RAW DATA:

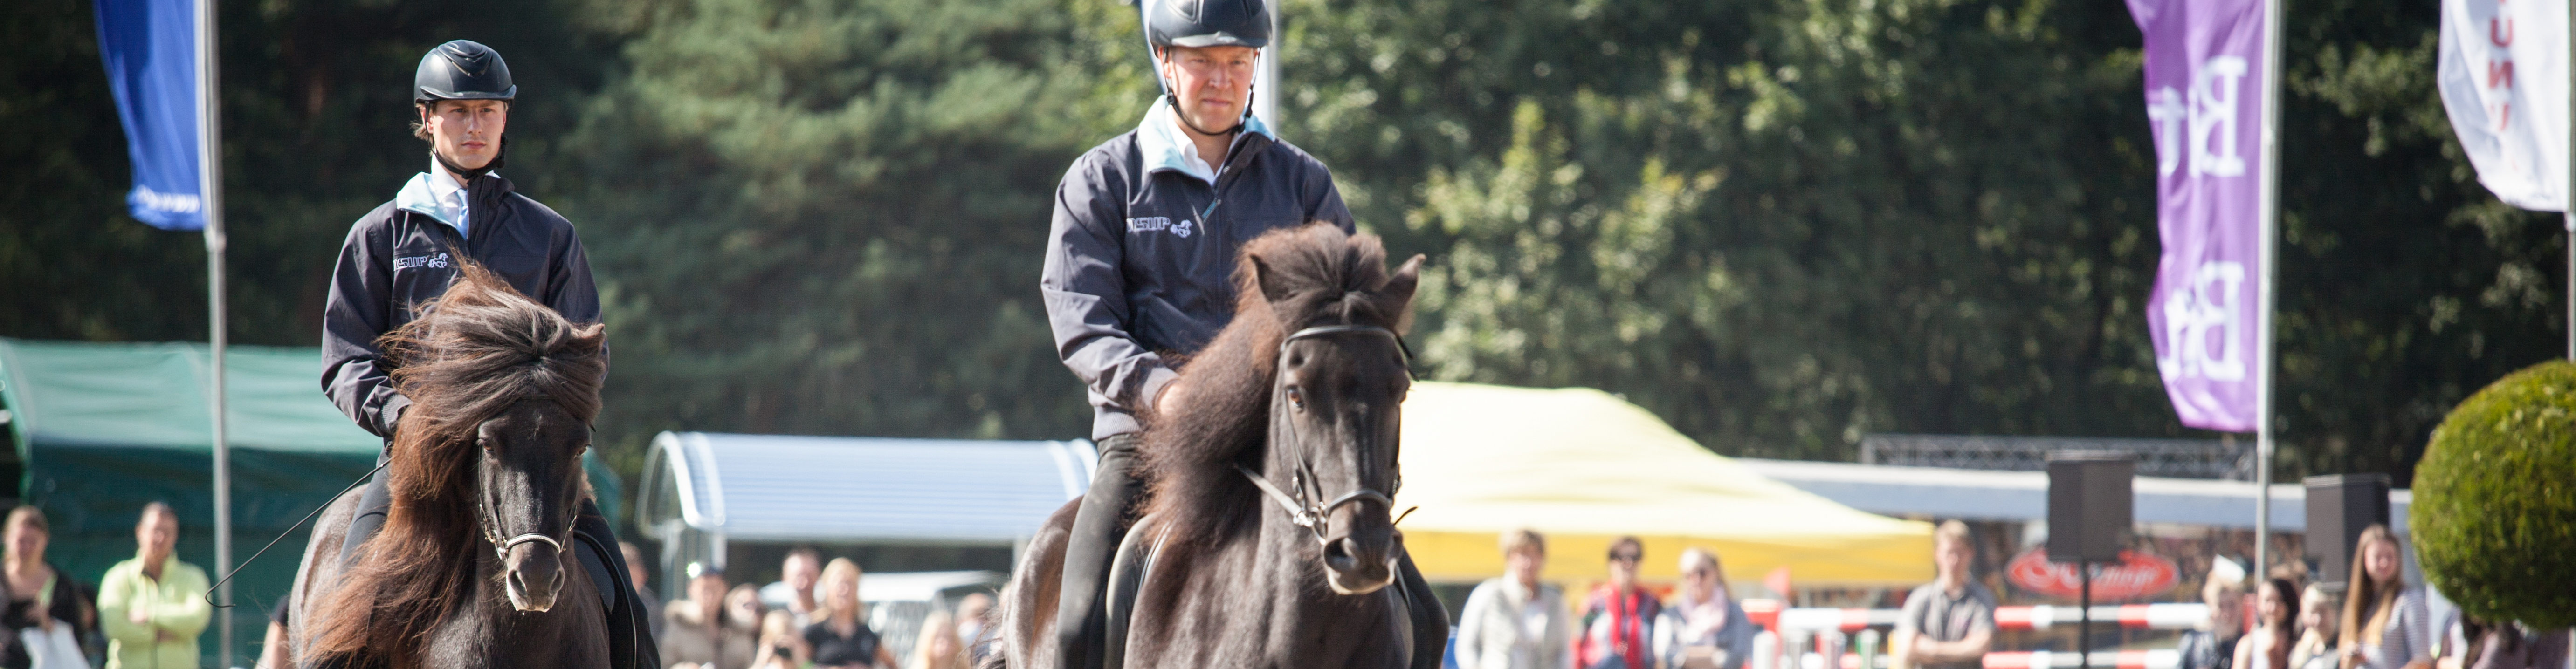 IJslandse Paard-HEADER
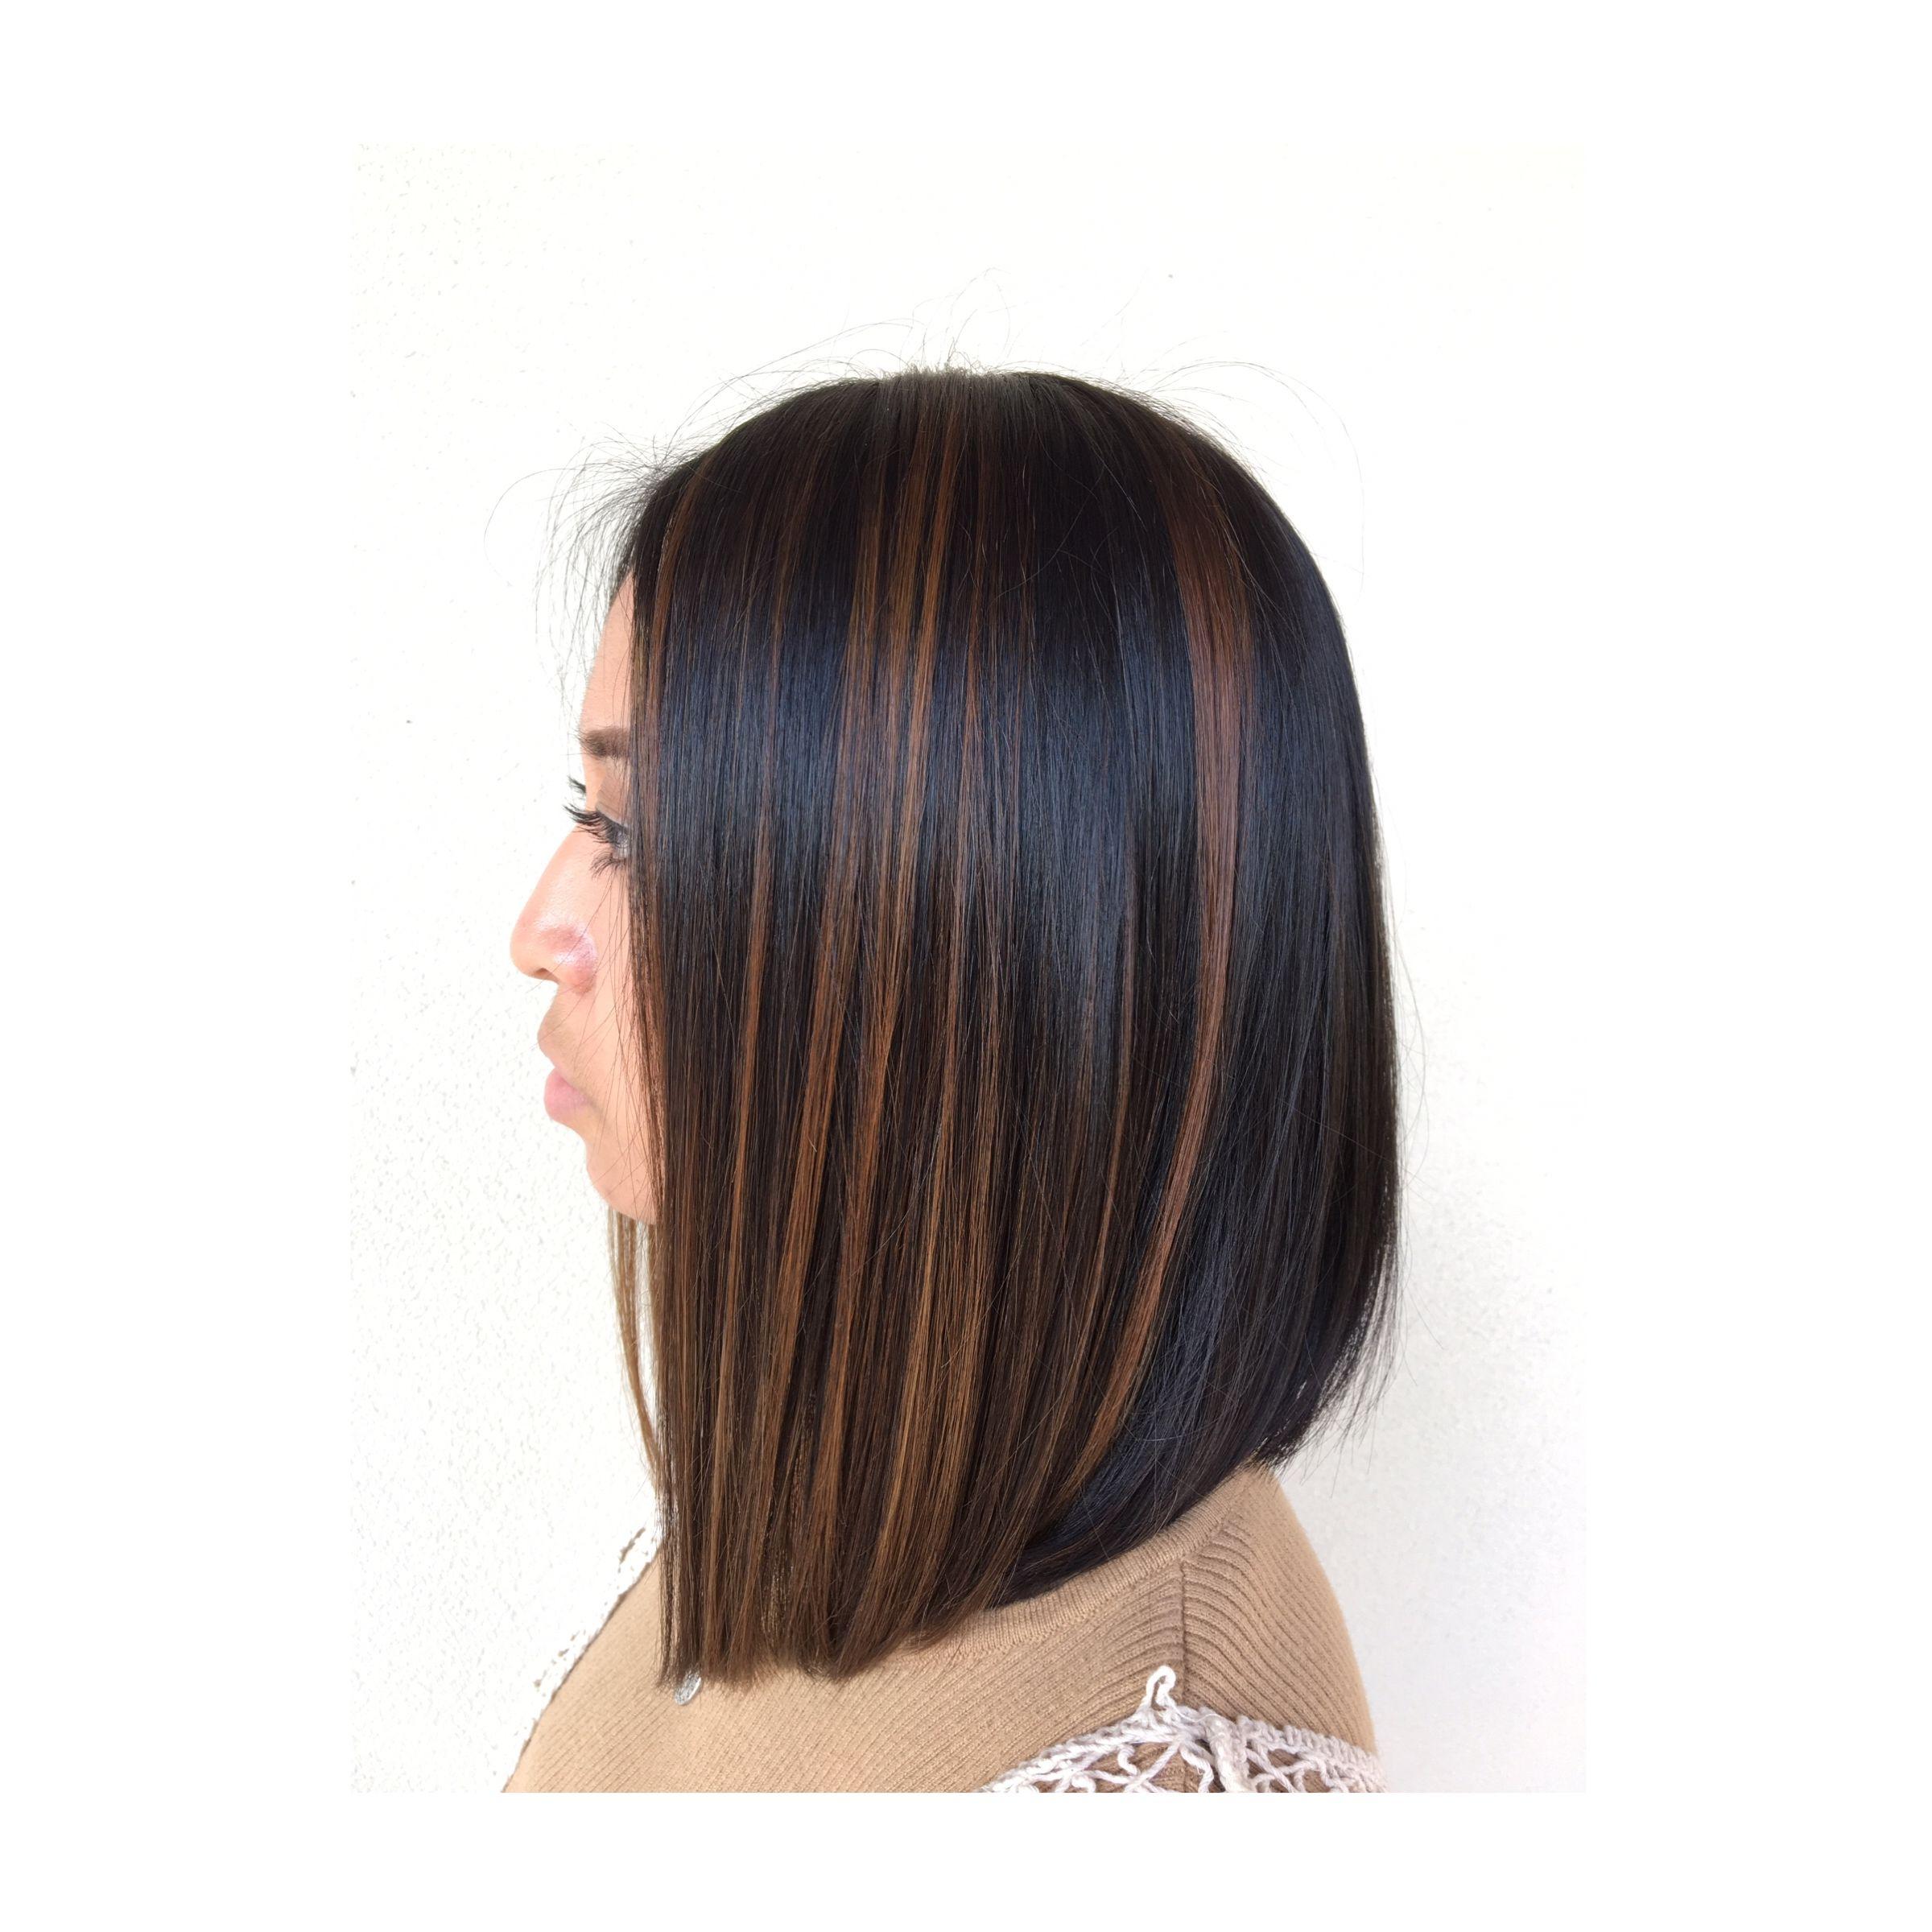 Face Frame Balayage + Angled Bob #caramel #lob #haircut With Regard To Warm Balayage On Short Angled Haircuts (View 15 of 20)
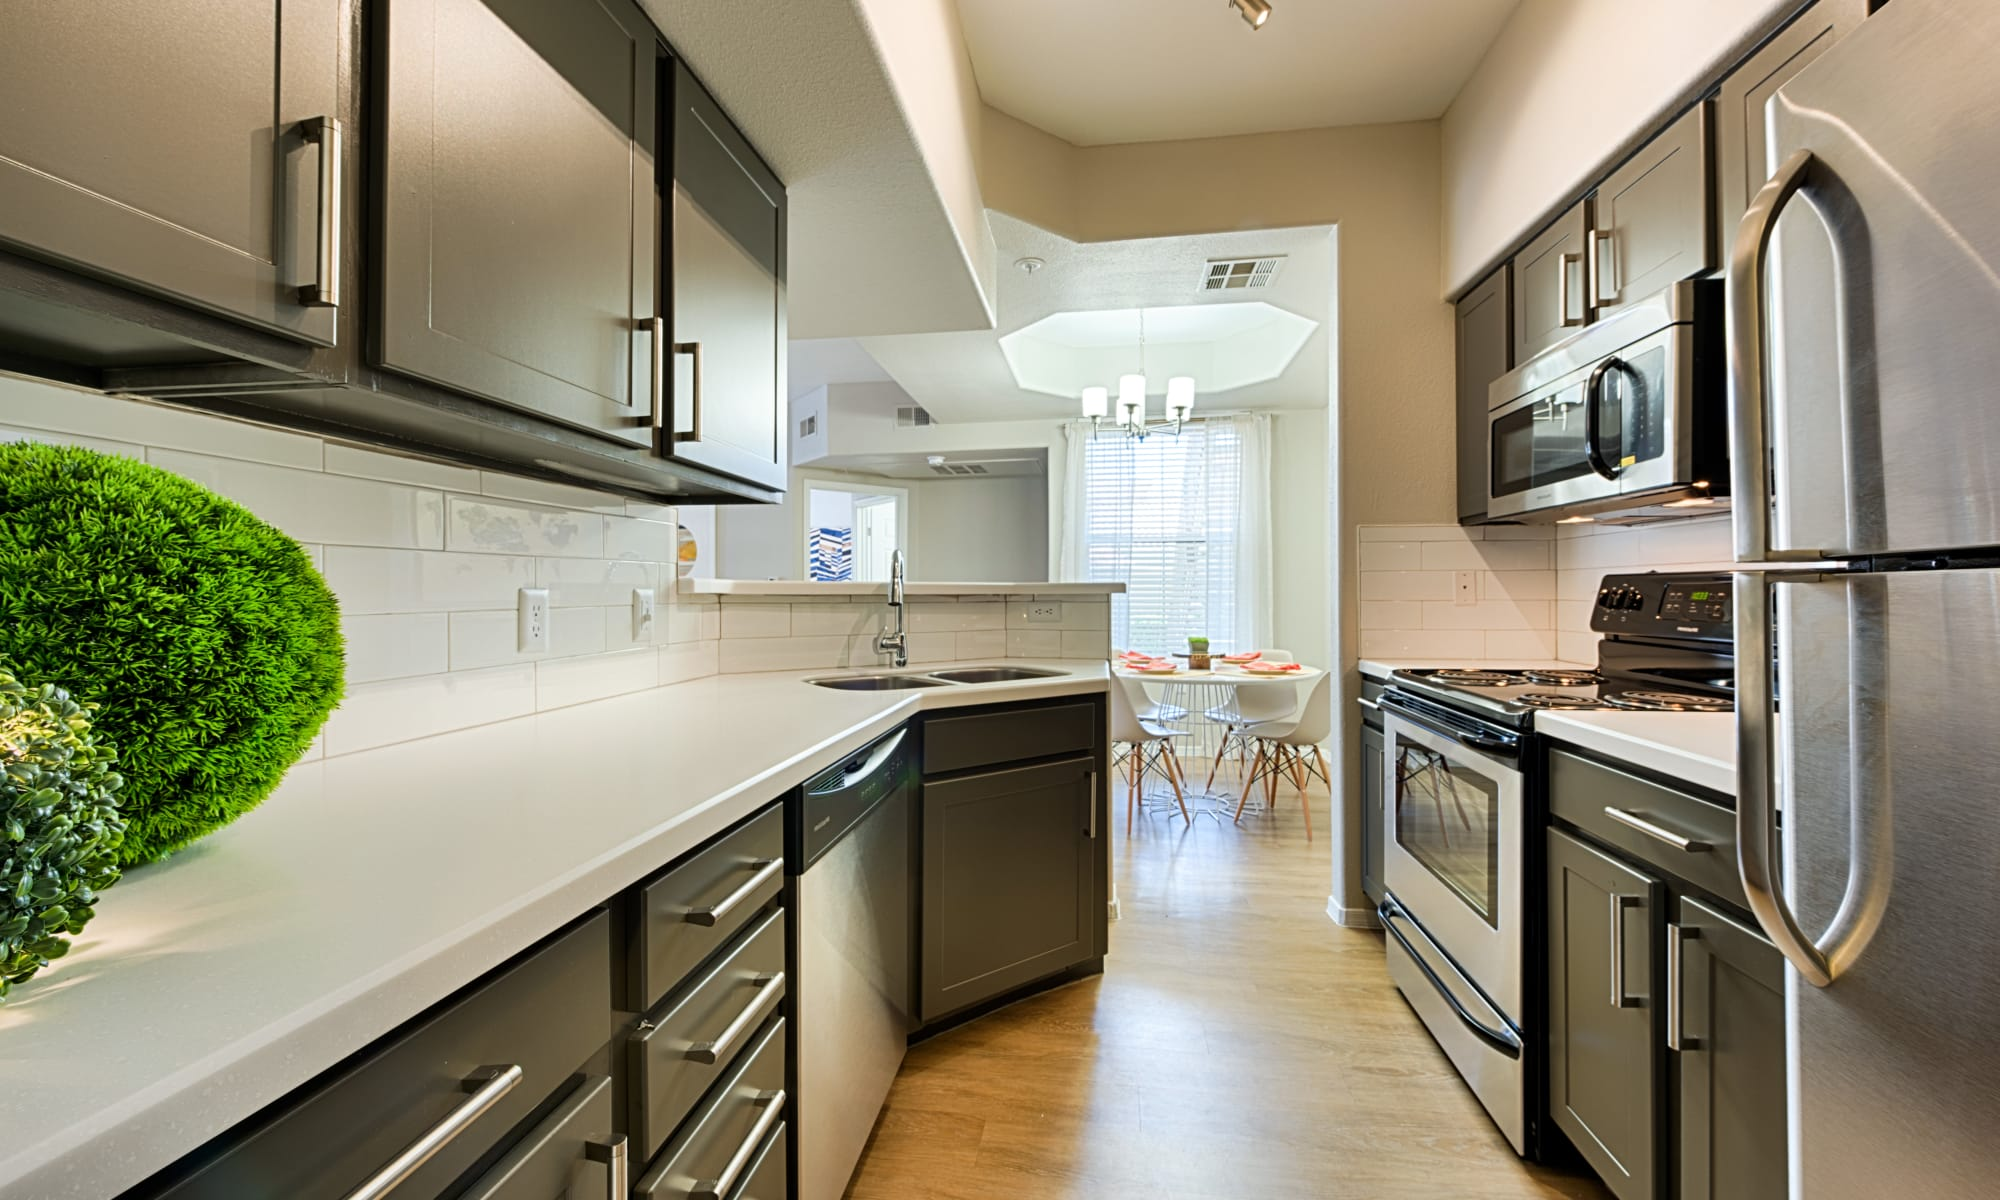 Sonoran Vista Apartments in Scottsdale, Arizona
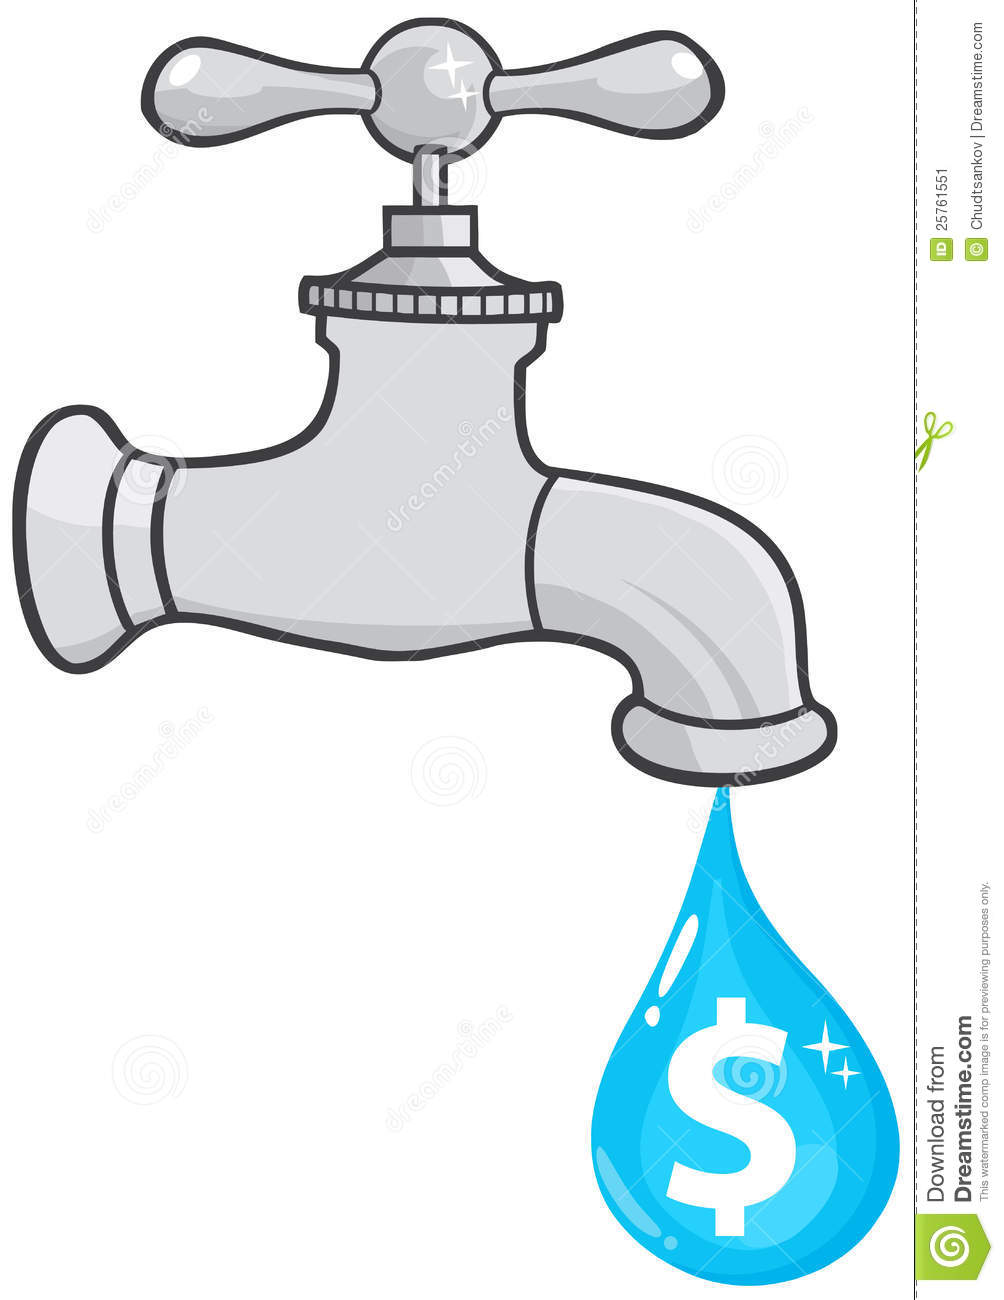 Clipart water faucet jpg transparent 83+ Water Faucet Clipart | ClipartLook jpg transparent

TASK DETAILS: Leave every picture out and copy precisely the lines from the one containing "Sonoran Vista Apartments" through the last line of the data above, both ends included.

WRITTEN ANSWER:
 Sonoran Vista Apartments in Scottsdale, Arizona
 Clipart water faucet jpg transparent 83+ Water Faucet Clipart | ClipartLook jpg transparent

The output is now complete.